§ **Work to complete**: Write every line of the material again exactly, with no pictures in the copy.

§ **Data**:
##############################

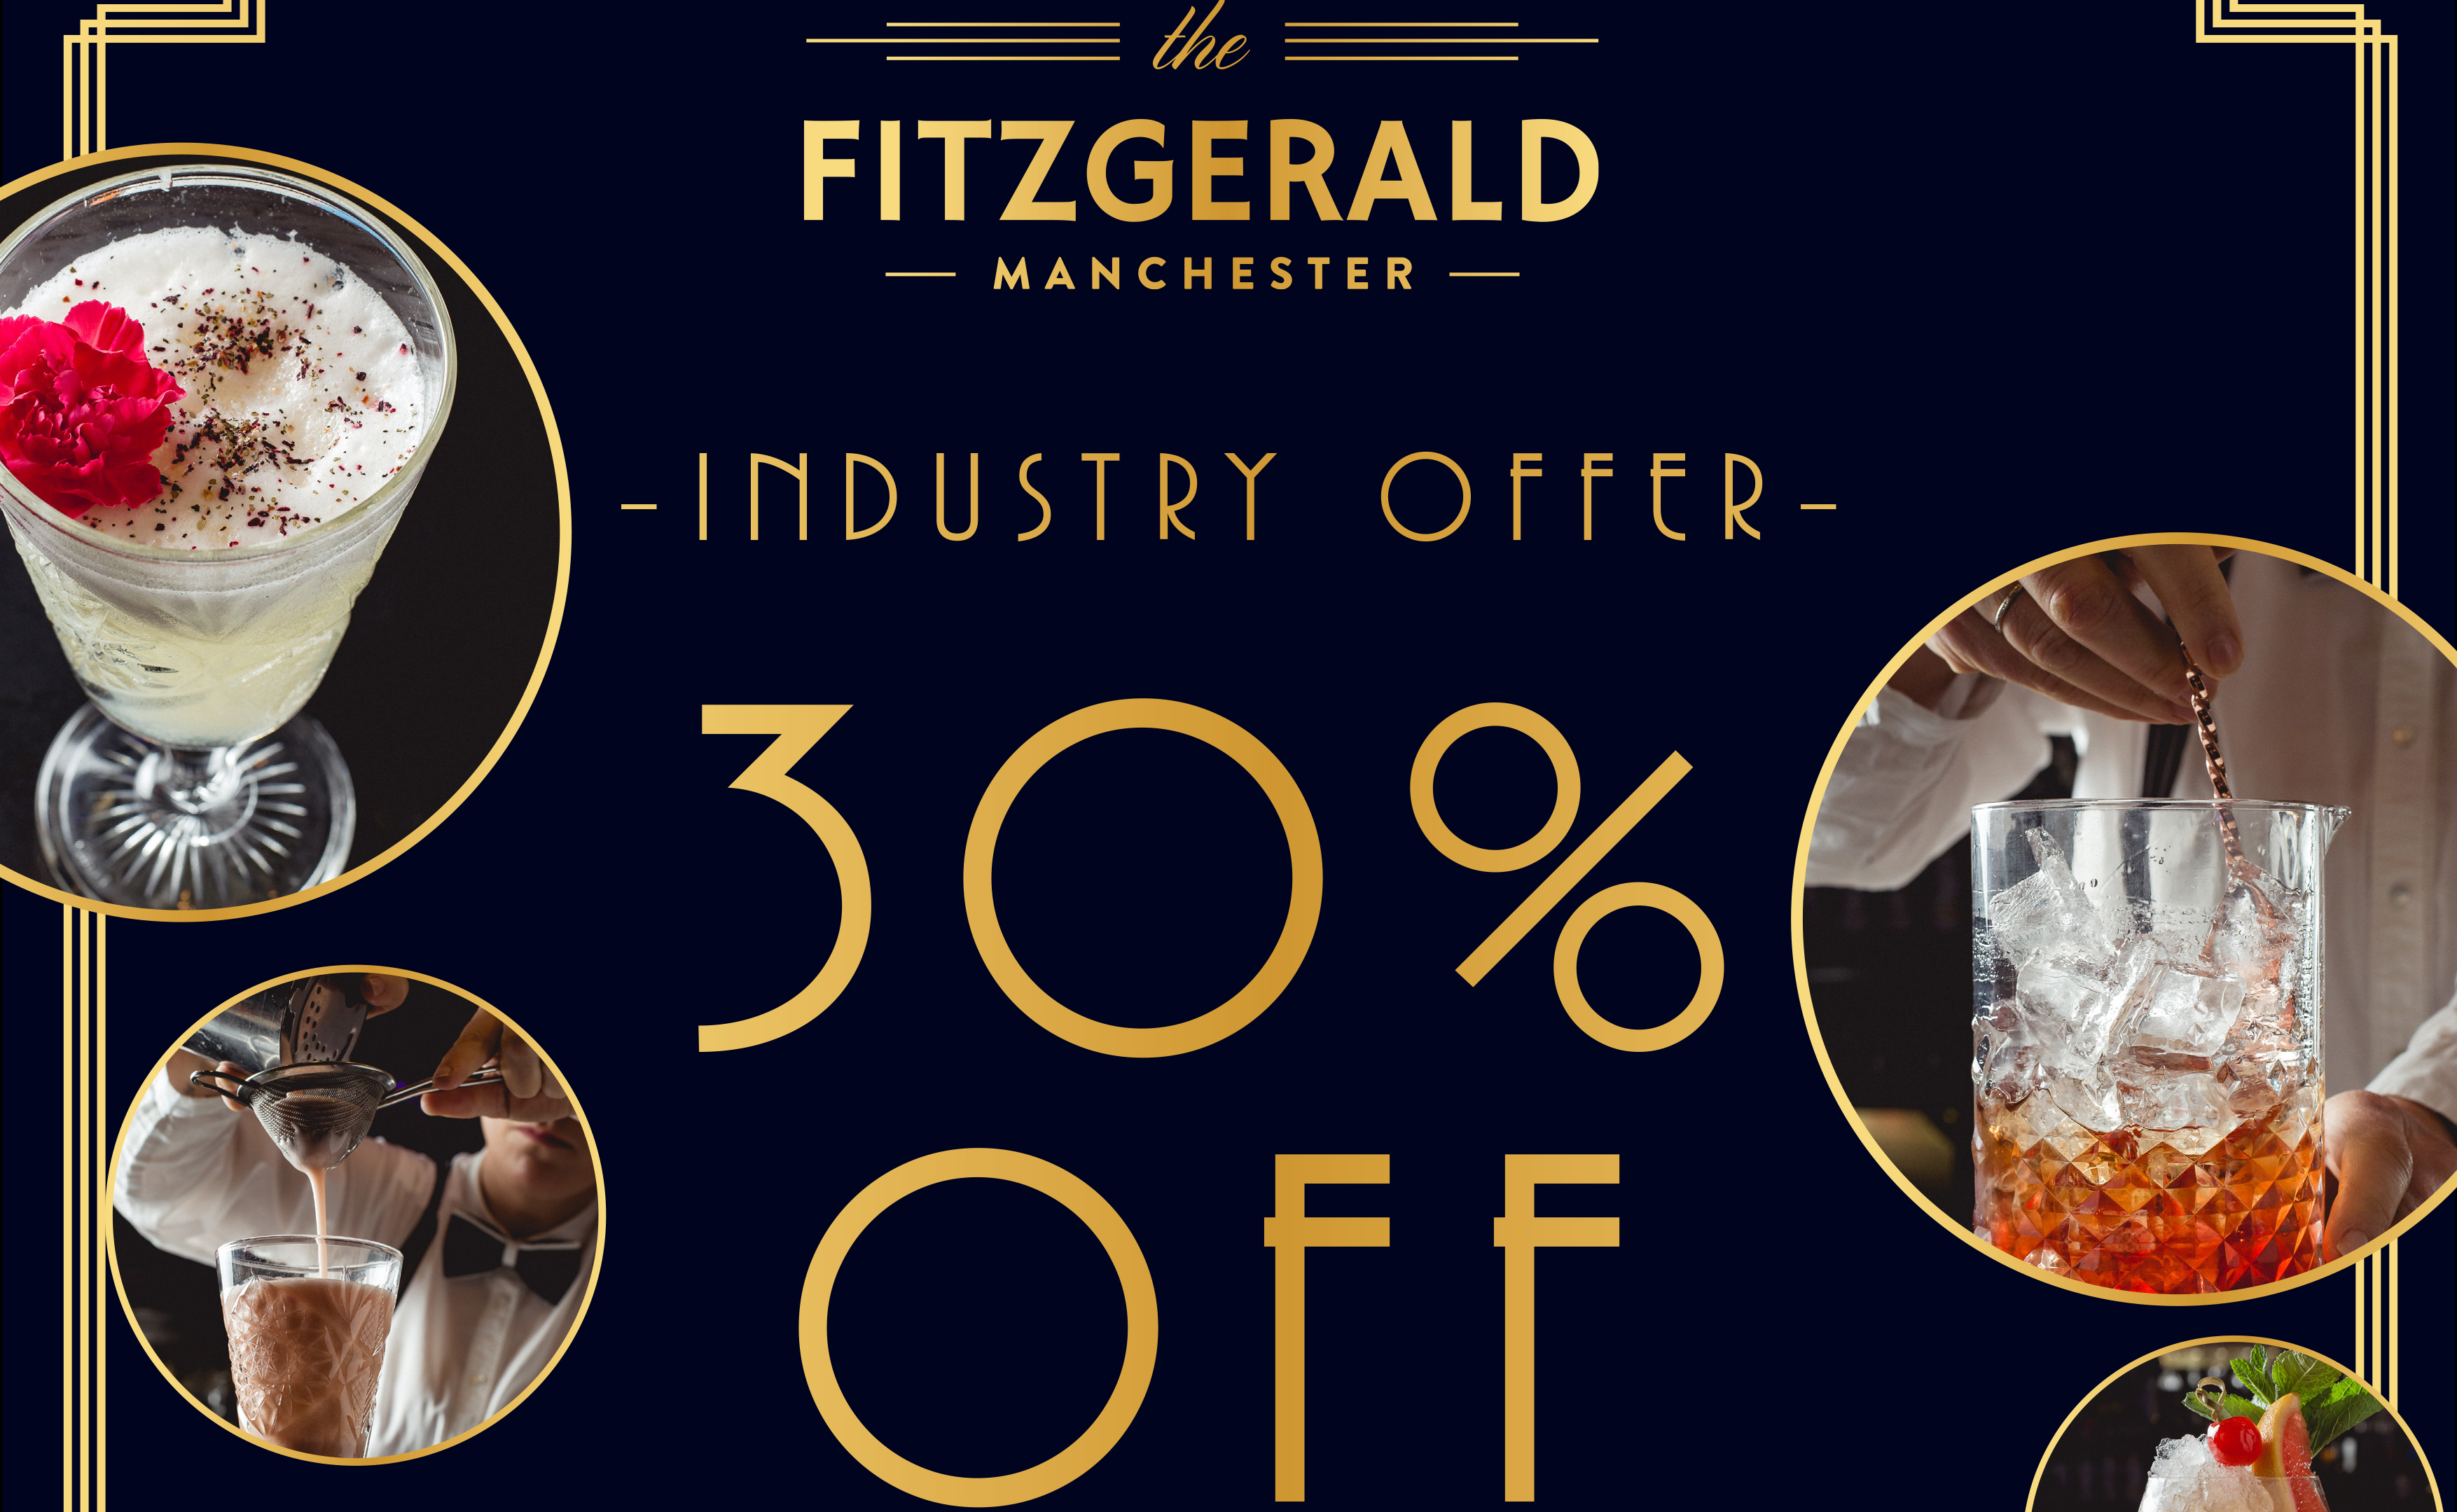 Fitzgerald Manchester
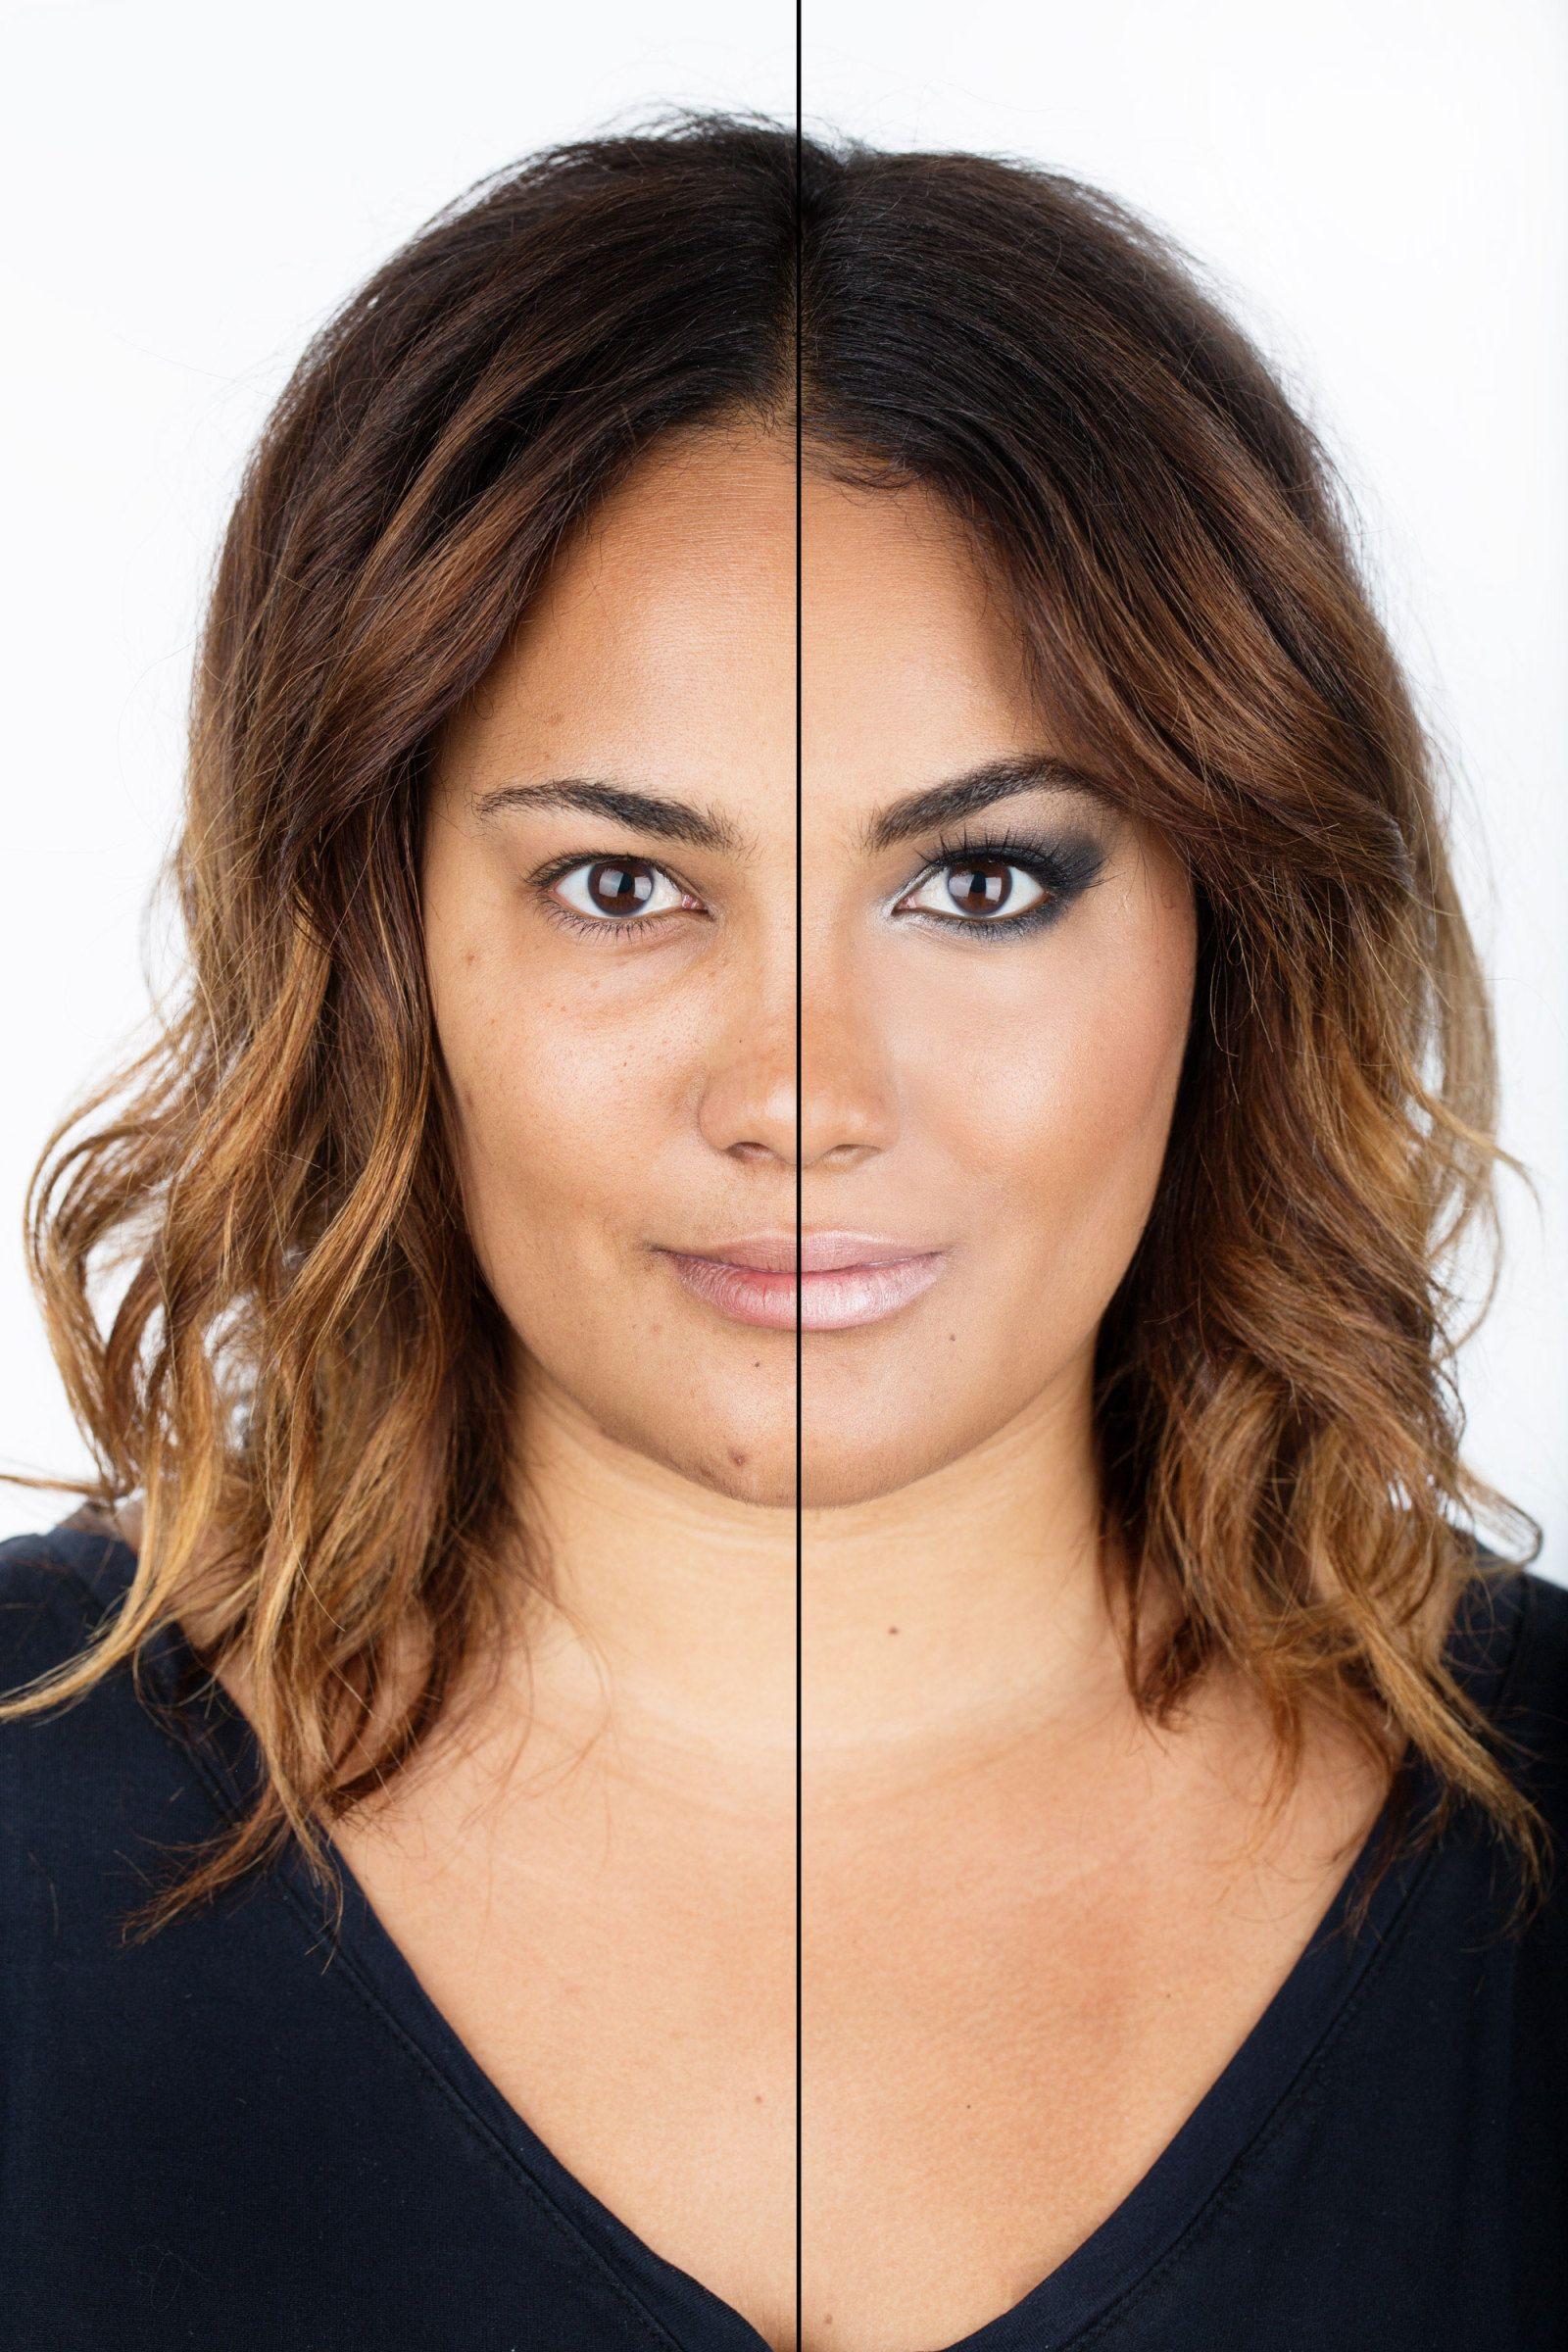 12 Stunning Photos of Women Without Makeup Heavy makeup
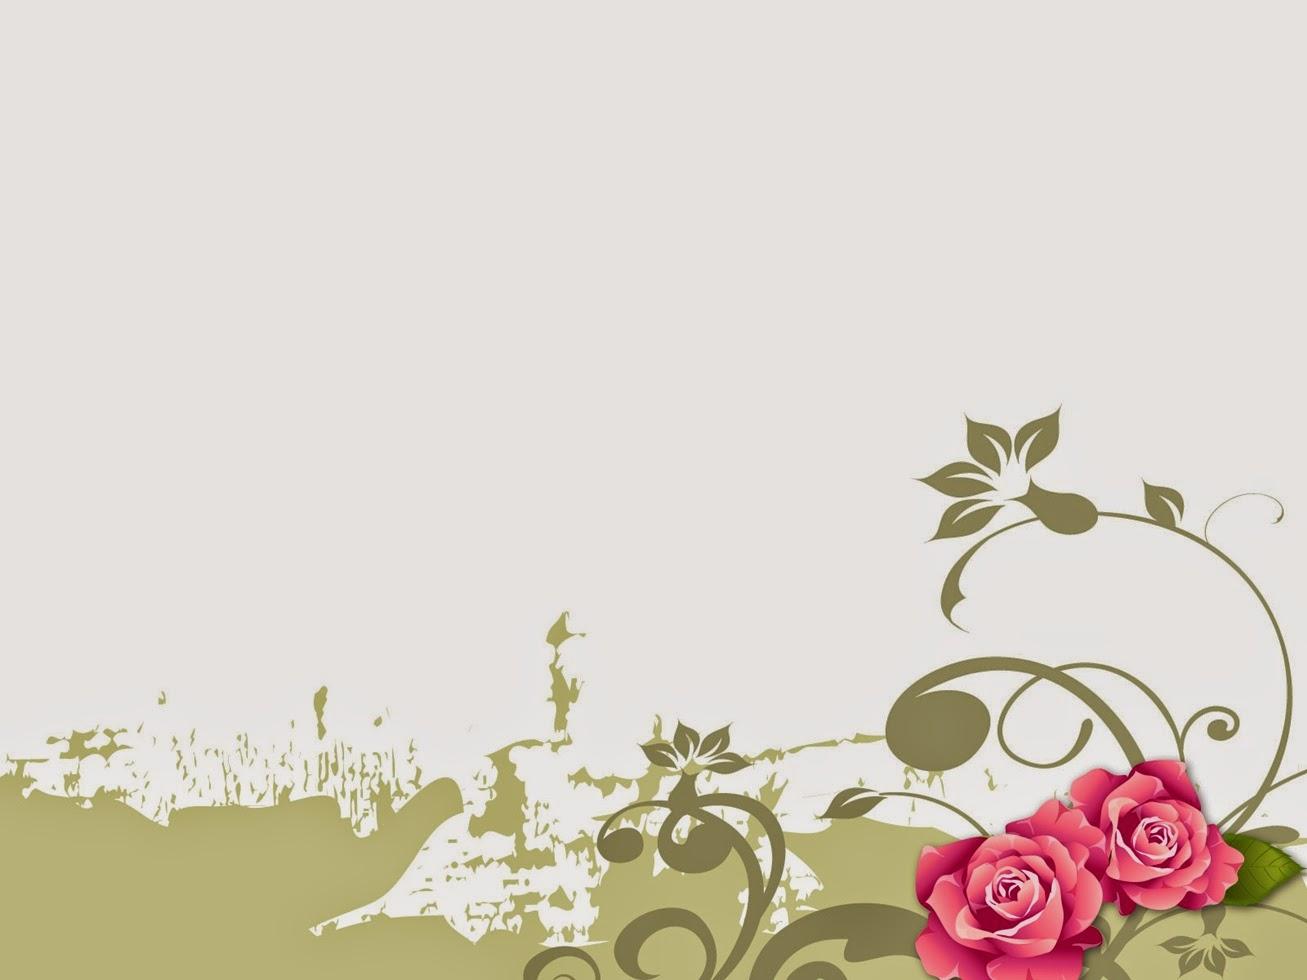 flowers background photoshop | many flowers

##############################

§ **Task output**:
 Fitzgerald Manchester
 12 Stunning Photos of Women Without Makeup Heavy makeup
 flowers background photoshop | many flowers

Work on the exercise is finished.